We all have that one friend who is much shorter than the rest of us.
For my friend group, that person happens to be me. Because I've been smaller than everyone around me for all of my life, I've heard numerous amounts of short jokes and puns. Here I share the top 20 things you need to stop saying to short people immediately:
1. "Exactly how tall are you?"
Does it really matter? I’m short, way shorter than you, that’s all you really need to know.
2. "Are you done growing?"
Well, I am 18 years old and haven’t grown since I was 15. So yeah, I’d say I’m done growing.
3. "Your seat is very close to the steering wheel when you drive."
Well, considering I’m 5’2, I’d say that the chances of me having long legs is slim to none. If I want to be able to drive safely then, of course, I’m going to need to reach the pedals!
4. "You make the perfect armrest."
While you may think this is cute and endearing, for me it is embarrassing. Why would it make me happy to have someone’s arm resting on my head while we stand in public?
5. "You're so small, can I pick you up?"
No, no you may not. Please keep my legs standing firmly on the ground at all times.
6. "Why are you walking so slow?"
I’m sorry my legs are considerably shorter than the average person’s, so it takes me a little longer to walk places due to my short strides. I’ll just jog to keep up with you tall folk from now on.
7. "Why do you always wear wedges/heels?"
Because then I’m the same height as everyone else around me. Unless they are wearing heels too, in which case I simply cannot win.
8. "Do you need help reaching that?"
No, I do not. Because of my small stature, I can fit in smaller places and am able to climb on things. That works really well for me, thank you.
9. "Short girls get all the tall guys."
Sorry (not actually sorry) about it!
10. "Are you tall enough to ride rollercoasters?"

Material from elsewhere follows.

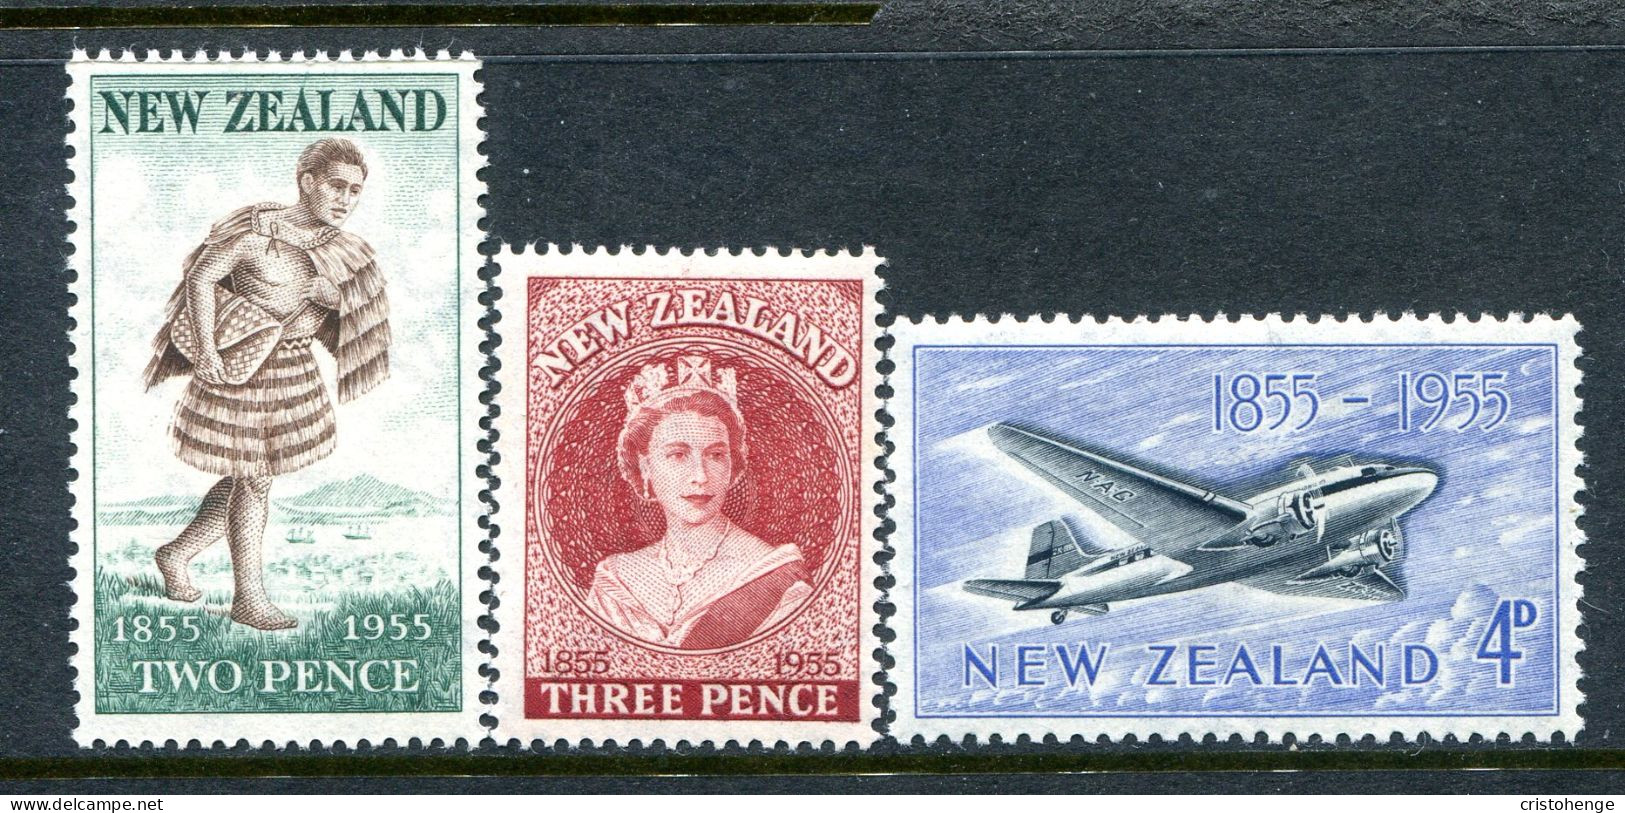 New Zealand 1955 Centenary Of First New Zealand Postage Stamps Set HM (SG 739-741) - Nuevos

Hmmm, let’s see, I’m over 5 ft tall so yes, yes I am. Can you do simple math?
11. "Can you still shop in the children's section at stores?"
Yes, I can.
However, just because you can do something doesn’t mean you should, so no I don’t.

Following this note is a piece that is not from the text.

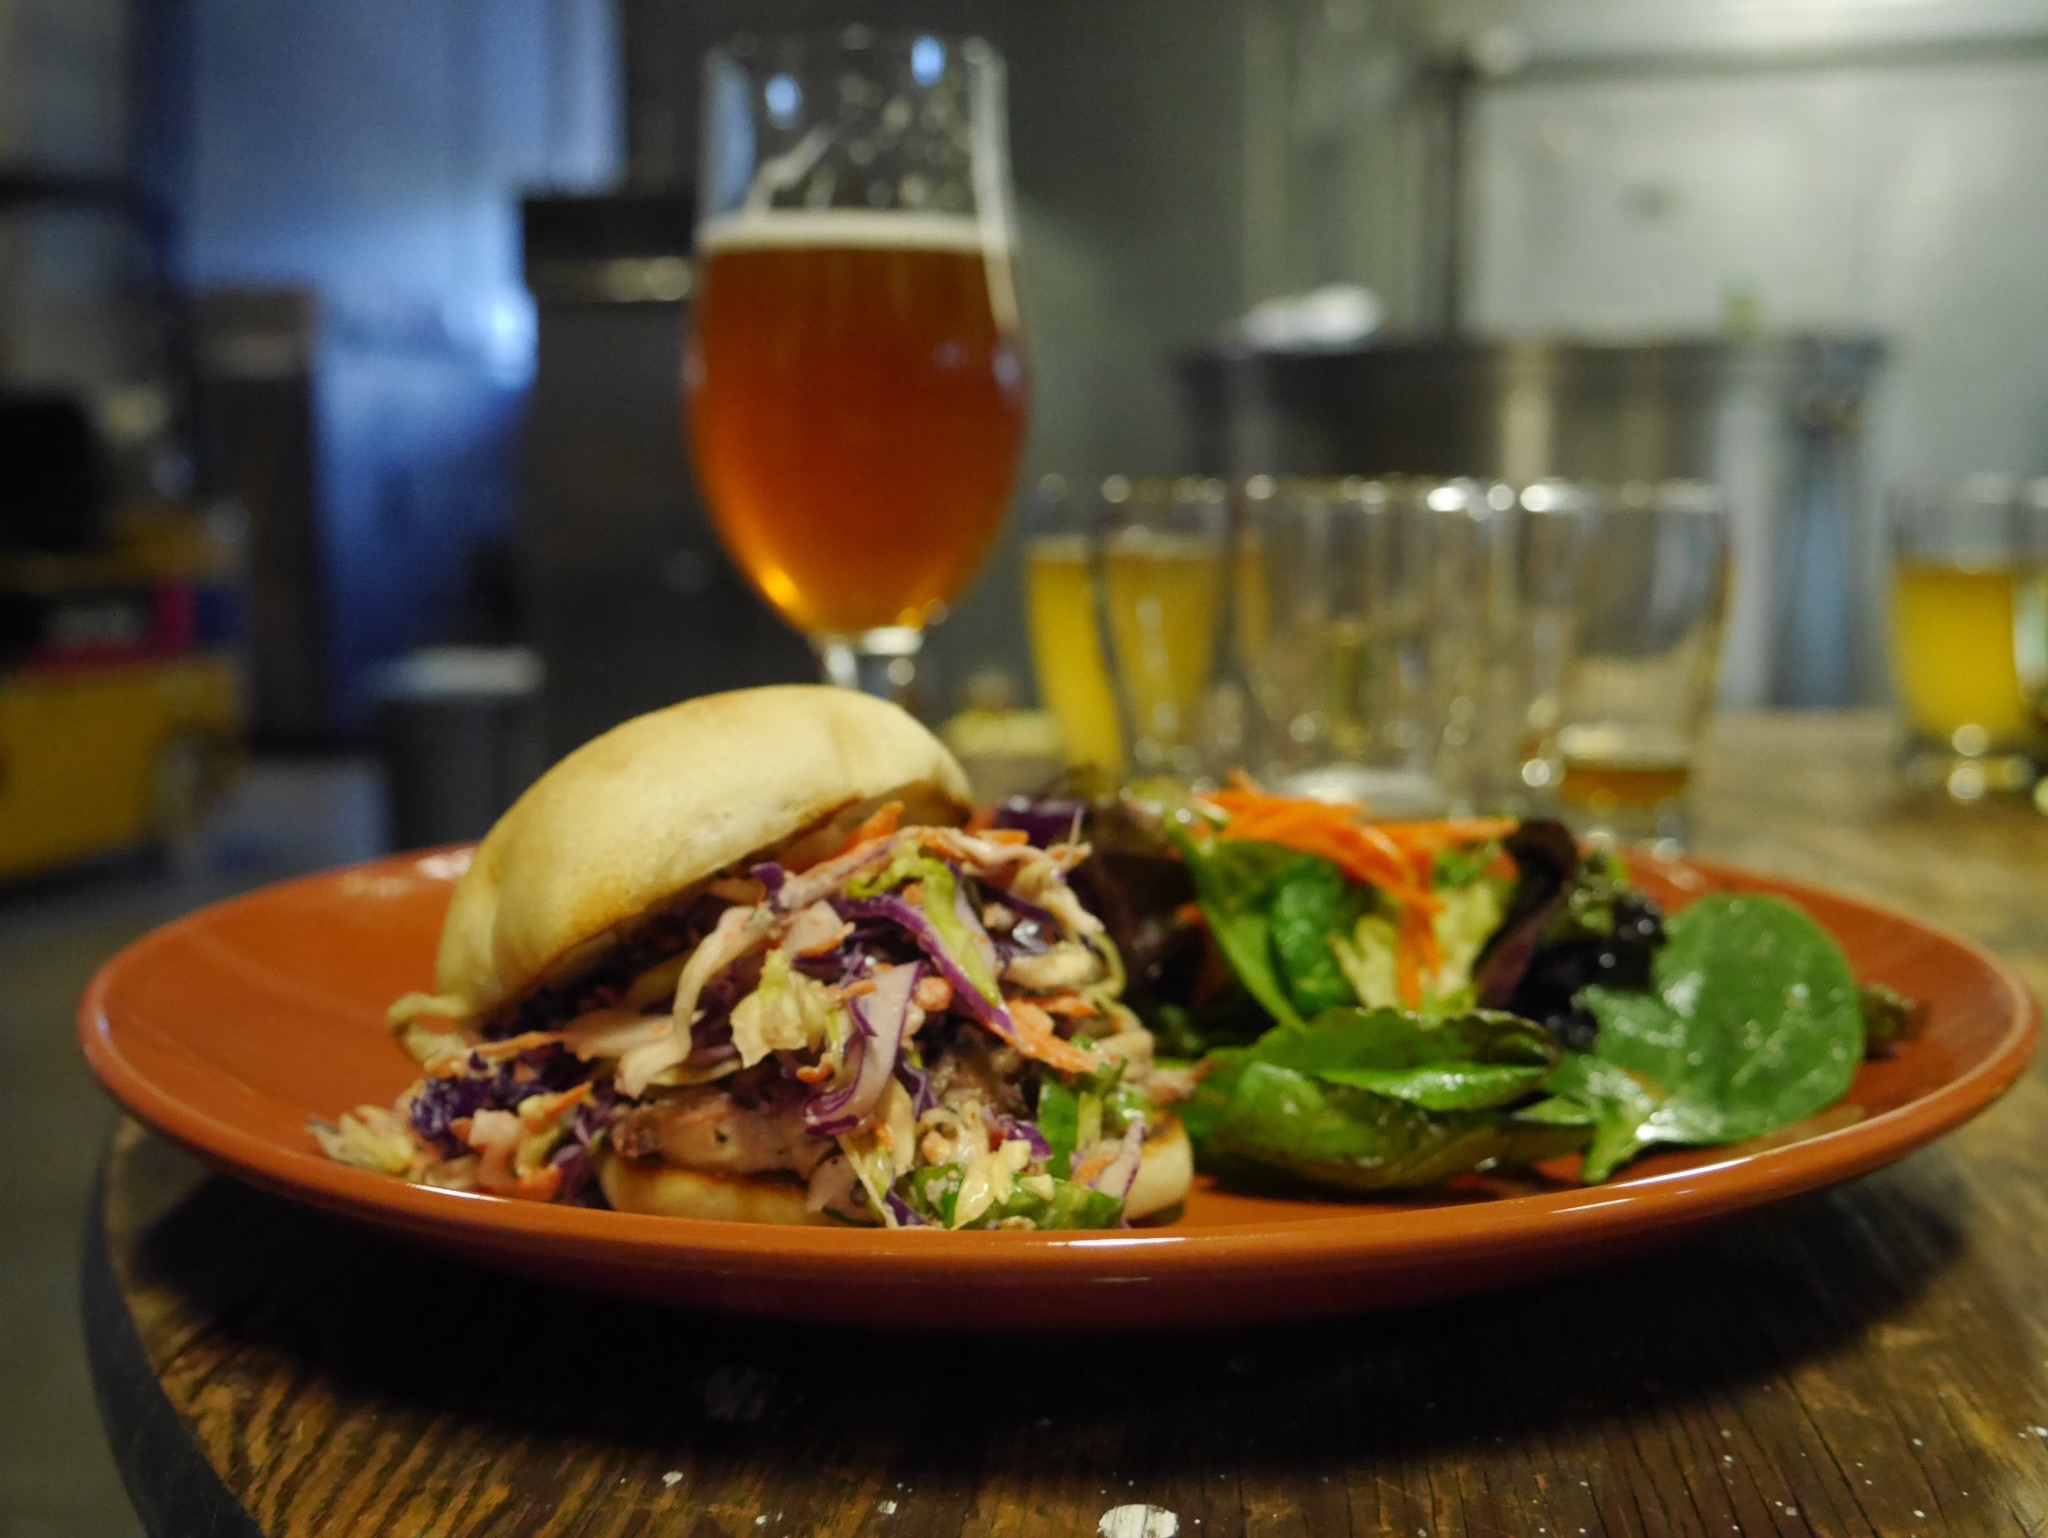 Culmination Brewing's food from Carter B. Owen (photo by Cat Stelzer)

12. "Is your whole family short?"
Does it really matter? Clearly, there must be someone in my family who gave me the short genes or else we’d be the same height!
13. "I'll shrink down to your size for the picture."
Thank you, I appreciate it, but that’s really not necessary. That will only draw more attention to the fact that I am short!
14. "You'll still be getting carded in 20 years."
Wow, thank you for sharing that information! I had no idea I looked younger than I am!
15. "So how's the weather down there?"
Quite nice thank you, how’s the weather up there? Oh, the same? Yeah, I figured.
16. "Hey look, that kid is taller than you!"
Really? I couldn’t tell.
17. "The smallest goes in the middle!"
Thanks for offering me up, but it wasn’t necessary.
18. "You're fun-sized, like the candy!"
Comparing me to delicious candy won’t make me like you any more. In fact, I’ll probably like you less from now on.
19. "You're so cute!"
Wow, here’s a compliment I’ve never heard before!!
20. "You'll be thankful you look younger than you are in 30 years."
Ah, so I’ve been told.
If you're guilty of uttering these 20 words to any short person you know, STOP.